*** Block opens ***

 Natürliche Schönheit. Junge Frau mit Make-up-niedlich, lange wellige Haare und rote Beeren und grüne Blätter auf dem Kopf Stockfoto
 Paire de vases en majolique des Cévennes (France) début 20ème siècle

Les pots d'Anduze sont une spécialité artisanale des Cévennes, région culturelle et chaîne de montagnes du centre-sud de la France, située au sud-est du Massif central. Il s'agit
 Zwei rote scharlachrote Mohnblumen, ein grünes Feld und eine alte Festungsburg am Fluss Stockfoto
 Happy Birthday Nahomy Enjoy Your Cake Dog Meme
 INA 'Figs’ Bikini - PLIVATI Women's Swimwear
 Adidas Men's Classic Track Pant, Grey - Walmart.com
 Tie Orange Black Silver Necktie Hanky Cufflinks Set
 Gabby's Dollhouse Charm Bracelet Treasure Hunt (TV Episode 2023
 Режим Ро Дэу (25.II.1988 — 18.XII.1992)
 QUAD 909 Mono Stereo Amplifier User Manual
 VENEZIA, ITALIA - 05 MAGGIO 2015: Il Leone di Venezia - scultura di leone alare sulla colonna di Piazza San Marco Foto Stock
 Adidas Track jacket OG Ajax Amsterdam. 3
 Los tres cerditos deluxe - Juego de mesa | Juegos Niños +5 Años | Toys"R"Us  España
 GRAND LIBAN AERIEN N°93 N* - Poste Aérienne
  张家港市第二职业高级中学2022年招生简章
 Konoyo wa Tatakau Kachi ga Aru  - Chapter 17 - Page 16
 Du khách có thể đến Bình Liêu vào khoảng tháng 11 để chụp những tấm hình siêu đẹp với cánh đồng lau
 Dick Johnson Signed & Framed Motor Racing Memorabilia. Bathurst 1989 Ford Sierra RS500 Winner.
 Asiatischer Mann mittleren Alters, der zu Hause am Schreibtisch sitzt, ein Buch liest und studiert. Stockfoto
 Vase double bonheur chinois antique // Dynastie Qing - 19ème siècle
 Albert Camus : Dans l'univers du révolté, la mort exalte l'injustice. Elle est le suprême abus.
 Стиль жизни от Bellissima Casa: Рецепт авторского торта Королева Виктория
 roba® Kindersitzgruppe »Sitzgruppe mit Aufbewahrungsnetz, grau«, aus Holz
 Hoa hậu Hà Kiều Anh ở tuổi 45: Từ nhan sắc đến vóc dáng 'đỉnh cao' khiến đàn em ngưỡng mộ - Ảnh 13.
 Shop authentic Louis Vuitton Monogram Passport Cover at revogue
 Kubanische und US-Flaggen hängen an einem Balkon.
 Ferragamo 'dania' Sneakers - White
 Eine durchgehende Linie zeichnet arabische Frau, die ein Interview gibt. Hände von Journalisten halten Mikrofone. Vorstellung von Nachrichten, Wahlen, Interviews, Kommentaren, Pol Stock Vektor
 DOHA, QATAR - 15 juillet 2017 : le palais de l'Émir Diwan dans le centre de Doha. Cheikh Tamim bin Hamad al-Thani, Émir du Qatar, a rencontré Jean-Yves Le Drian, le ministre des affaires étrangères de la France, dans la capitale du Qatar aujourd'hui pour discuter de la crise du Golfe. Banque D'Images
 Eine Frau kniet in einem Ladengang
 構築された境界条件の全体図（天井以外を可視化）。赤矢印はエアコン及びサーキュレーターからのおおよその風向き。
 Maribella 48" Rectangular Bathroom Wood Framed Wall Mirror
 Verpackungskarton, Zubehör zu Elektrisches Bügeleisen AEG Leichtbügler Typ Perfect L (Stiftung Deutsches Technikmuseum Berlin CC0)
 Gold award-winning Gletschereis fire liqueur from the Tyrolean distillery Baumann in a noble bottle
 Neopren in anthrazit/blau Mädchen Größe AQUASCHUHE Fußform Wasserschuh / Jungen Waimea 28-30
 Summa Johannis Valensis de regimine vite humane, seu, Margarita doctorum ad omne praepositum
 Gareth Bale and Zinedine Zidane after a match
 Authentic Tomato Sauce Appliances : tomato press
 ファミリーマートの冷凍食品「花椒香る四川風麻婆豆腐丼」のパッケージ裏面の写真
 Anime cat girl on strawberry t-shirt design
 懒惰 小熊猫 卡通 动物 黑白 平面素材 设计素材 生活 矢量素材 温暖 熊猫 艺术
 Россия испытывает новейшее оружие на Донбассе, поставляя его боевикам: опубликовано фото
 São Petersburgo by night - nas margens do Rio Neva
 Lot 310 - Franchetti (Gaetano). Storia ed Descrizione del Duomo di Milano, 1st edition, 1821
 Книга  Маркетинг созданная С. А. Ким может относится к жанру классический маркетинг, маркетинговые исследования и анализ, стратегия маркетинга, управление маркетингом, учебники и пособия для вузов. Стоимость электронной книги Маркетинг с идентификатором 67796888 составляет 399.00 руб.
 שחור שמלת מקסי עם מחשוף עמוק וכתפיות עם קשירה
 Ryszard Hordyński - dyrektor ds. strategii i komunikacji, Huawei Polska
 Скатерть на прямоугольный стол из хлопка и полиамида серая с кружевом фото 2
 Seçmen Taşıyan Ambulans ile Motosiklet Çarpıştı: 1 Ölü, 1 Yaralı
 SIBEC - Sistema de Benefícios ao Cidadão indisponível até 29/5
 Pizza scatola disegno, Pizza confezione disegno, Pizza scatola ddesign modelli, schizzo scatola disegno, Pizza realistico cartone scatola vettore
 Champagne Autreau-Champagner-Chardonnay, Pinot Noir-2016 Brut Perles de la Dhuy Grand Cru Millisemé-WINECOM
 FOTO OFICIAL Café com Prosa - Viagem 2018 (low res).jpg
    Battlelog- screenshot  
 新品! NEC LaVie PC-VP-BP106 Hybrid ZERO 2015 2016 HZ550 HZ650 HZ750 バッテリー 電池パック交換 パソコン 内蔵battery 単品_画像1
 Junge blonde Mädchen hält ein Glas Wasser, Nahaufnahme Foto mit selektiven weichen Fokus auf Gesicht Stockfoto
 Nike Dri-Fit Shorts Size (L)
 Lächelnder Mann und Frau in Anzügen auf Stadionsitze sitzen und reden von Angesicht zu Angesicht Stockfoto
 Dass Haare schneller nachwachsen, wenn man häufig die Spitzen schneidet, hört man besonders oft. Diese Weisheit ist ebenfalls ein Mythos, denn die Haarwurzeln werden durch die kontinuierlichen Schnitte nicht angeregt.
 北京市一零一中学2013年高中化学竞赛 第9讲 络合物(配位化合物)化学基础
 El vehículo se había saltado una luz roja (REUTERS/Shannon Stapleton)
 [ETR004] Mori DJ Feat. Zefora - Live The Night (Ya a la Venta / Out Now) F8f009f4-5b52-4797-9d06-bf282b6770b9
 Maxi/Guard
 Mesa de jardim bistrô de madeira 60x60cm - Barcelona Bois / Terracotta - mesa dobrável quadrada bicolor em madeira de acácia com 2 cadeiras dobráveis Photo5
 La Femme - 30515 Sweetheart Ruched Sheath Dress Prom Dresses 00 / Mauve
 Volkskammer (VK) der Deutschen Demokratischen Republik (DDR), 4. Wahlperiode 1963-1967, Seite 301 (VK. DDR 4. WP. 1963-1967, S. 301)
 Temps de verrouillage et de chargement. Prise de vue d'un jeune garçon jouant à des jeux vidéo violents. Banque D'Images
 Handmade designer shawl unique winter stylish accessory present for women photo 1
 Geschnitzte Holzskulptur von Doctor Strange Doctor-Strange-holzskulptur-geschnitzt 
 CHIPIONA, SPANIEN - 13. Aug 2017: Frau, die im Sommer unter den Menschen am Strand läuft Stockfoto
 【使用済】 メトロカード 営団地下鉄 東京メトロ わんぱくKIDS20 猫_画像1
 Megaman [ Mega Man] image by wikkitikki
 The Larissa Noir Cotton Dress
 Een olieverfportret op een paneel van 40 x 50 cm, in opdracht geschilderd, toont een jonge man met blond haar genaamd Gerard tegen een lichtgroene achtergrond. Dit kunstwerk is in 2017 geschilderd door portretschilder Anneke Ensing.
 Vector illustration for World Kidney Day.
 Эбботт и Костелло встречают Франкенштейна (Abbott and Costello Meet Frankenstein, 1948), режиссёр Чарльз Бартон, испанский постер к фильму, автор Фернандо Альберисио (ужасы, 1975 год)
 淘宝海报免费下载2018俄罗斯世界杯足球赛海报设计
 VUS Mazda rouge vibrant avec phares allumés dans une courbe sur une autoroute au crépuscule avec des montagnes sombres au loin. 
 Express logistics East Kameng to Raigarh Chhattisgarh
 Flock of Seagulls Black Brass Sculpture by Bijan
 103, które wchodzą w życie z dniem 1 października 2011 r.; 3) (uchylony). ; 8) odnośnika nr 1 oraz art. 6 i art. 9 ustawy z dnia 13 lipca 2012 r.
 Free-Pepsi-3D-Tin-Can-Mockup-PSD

*** Block closes ***

### Your goal
Among the entries above, copy exactly only the lines starting with the one containing "Battlelog- screenshot" and going through the one containing "Nike Dri-Fit Shorts Size (L)", both ends included.

### Task result
    Battlelog- screenshot  
 新品! NEC LaVie PC-VP-BP106 Hybrid ZERO 2015 2016 HZ550 HZ650 HZ750 バッテリー 電池パック交換 パソコン 内蔵battery 単品_画像1
 Junge blonde Mädchen hält ein Glas Wasser, Nahaufnahme Foto mit selektiven weichen Fokus auf Gesicht Stockfoto
 Nike Dri-Fit Shorts Size (L)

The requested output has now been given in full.